Flybe: Były akcjonariusz chce wskrzesić upadłe linie
Upadły na początku roku brytyjski przewoźnik ma szansę ponownie wzbić się w powietrze już w 2021 r. Cypryjski inwestor jest w trakcie przejmowania aktywów pozostałych po Flybe.
Reklama
Flybe to brytyjskie regionalne linie lotnicze, które zakończyły działalność w marcu 2020 r. – wschodząca fala koronawirusa i związany z nią gwałtowny spadek popytu na podróże lotnicze ostatecznie spowodowały upadłość, jednak przewoźnik już od lat znajdował się w złej sytuacji finansowej.

Cyrus Capital prowadzi obecnie rozmowy z Ernst & Young (EY) – globalną firmą świadczącą usługi w zakresie przeprowadzania i nadzorowania upadłości, która od marca zajmuje się Flybe. To właśnie w rękach EY znajdują się teraz aktywa pozostałe po przewoźniku. W projekt ma zostać zaangażowana ponadto była kadra managerska Flybe.

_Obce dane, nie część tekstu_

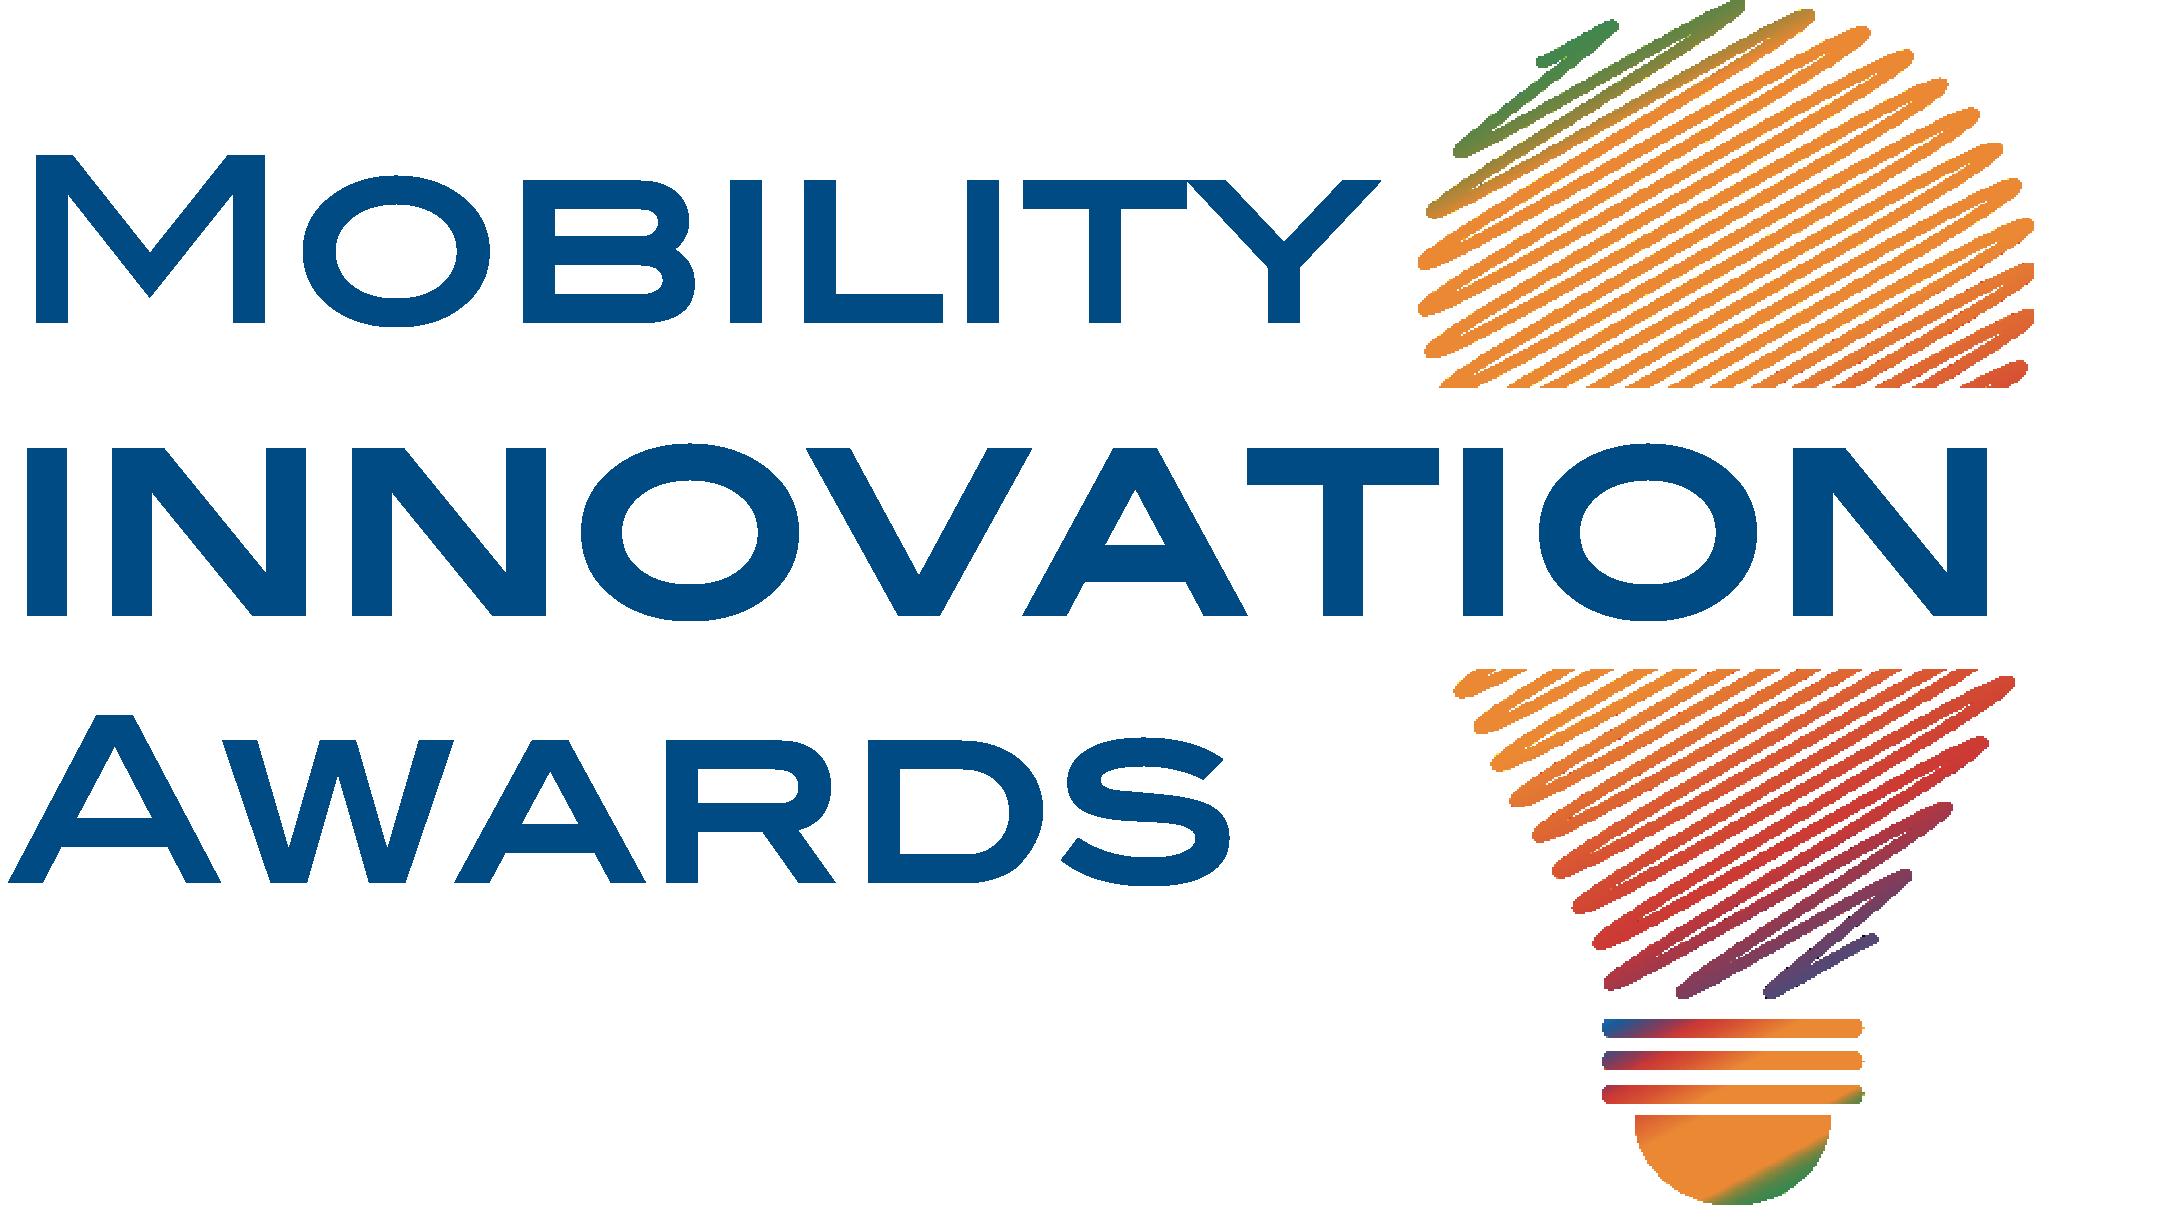 Mobility innovation logo
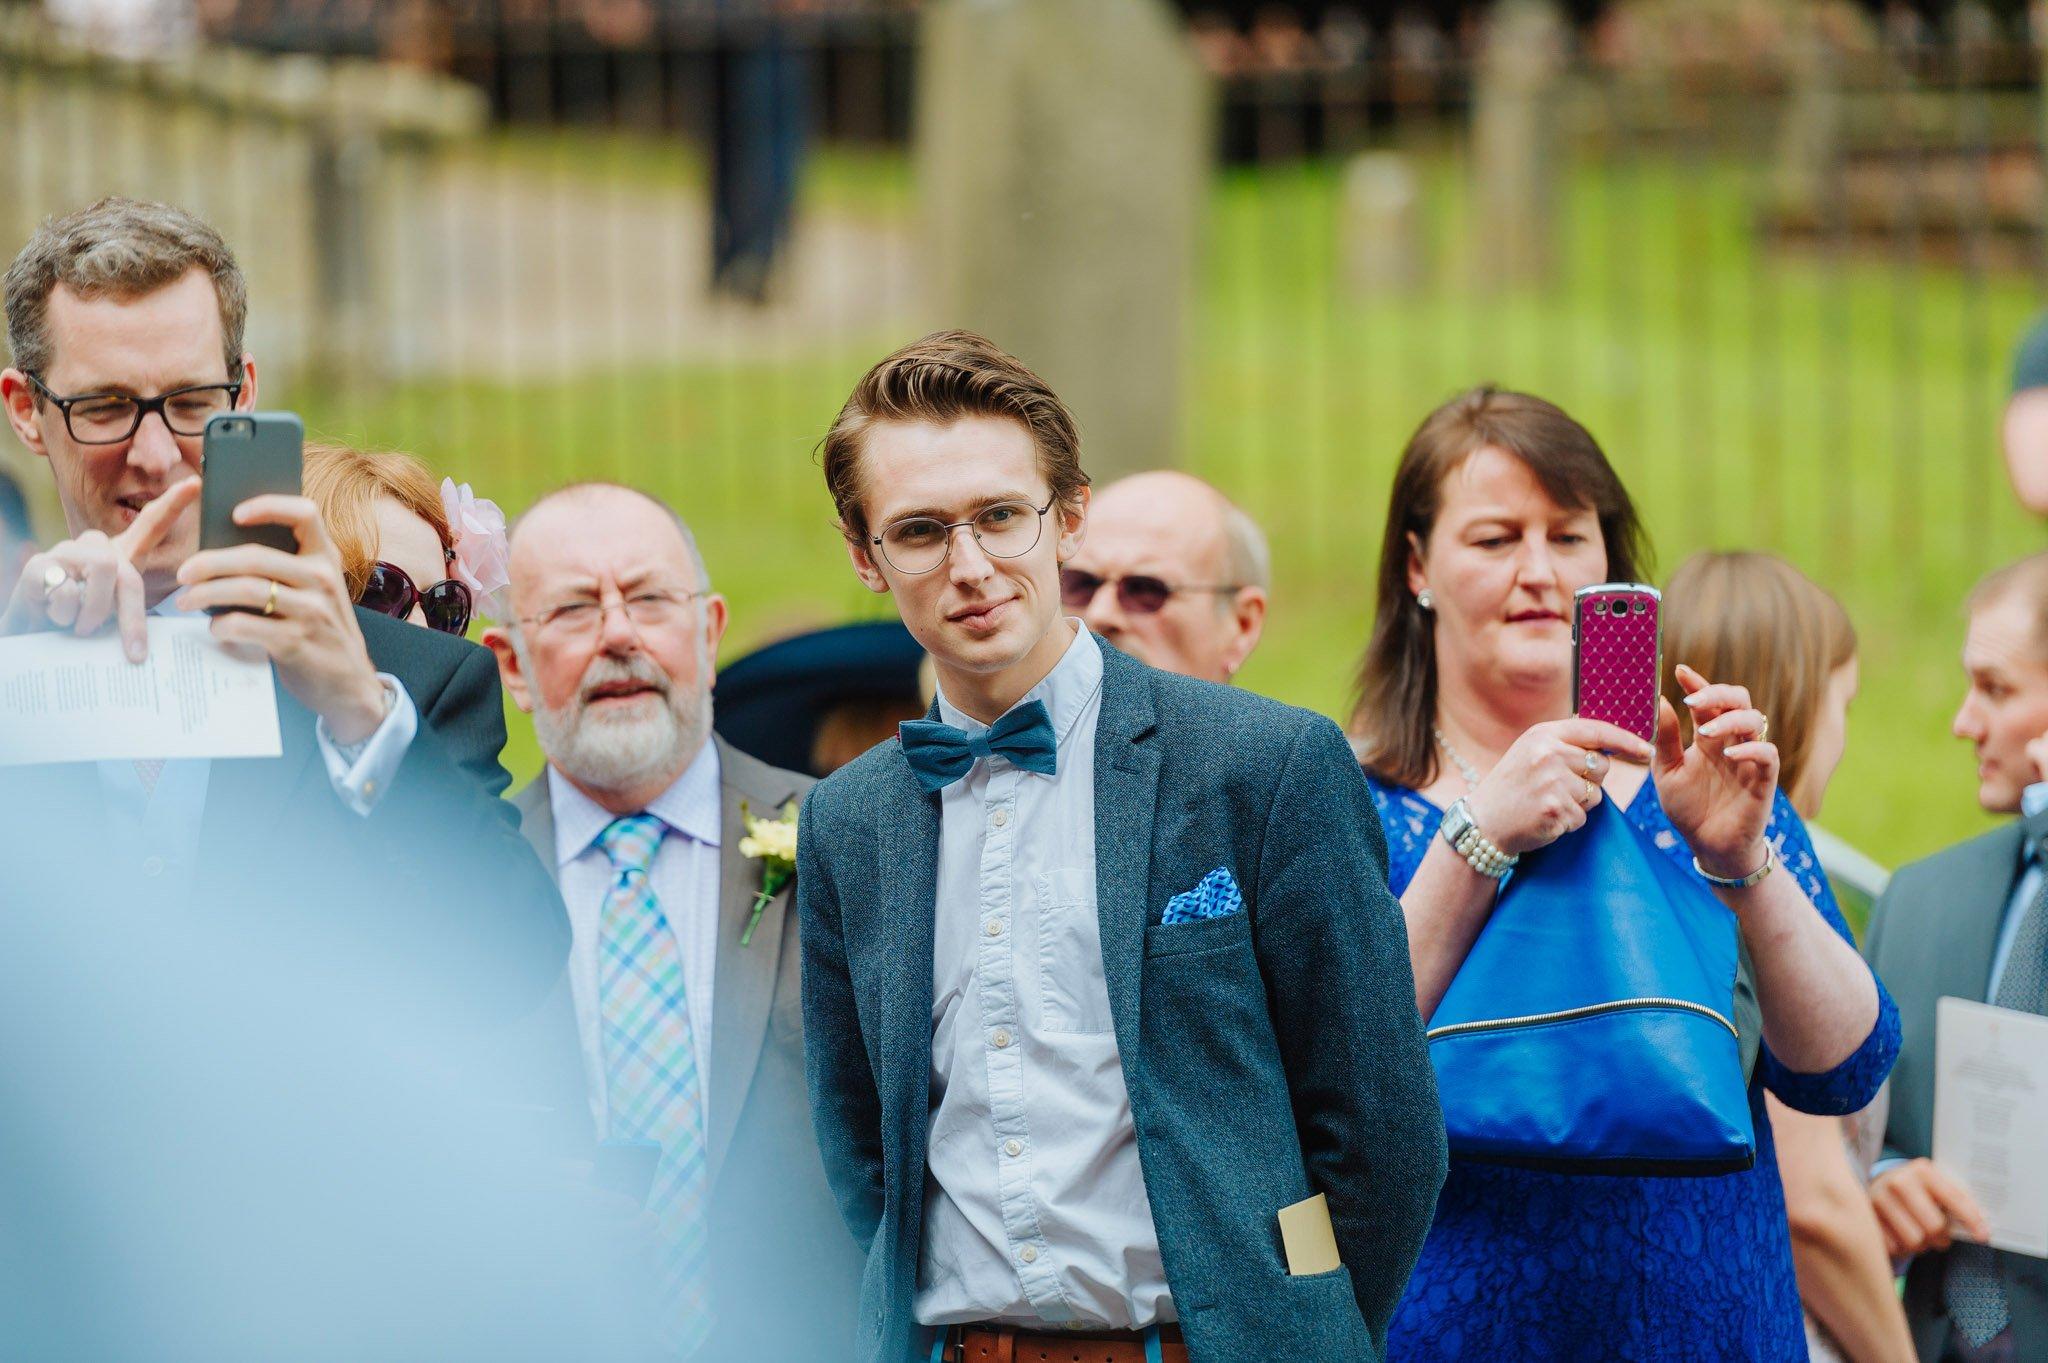 Georgina + Mike - Wedding photography in Malvern, Worcestershire 35

Cypryjski fundusz inwestycyjny chce wznowienia lotów komercyjnych już w połowie przyszłego roku, jednak ten termin jest zależy od wzrostu popytu na usługi lotnicze. Przed upadkiem Flybe była największą regionalną linią lotniczą w Europie, przewożącą około 9 mln pasażerów rocznie. Przewoźnik obsługiwał ok. 40 proc. lotów krajowych wewnątrz Wielkiej Brytanii. Pewne jest, że Flybe 2.0 ma działać także w Wielkiej Brytanii, ale w o wiele mniejszej skali, co ma znacznie ułatwić osiągnięcie rentowności. Nie wiadomo czy zachowana zostanie dawna nazwa.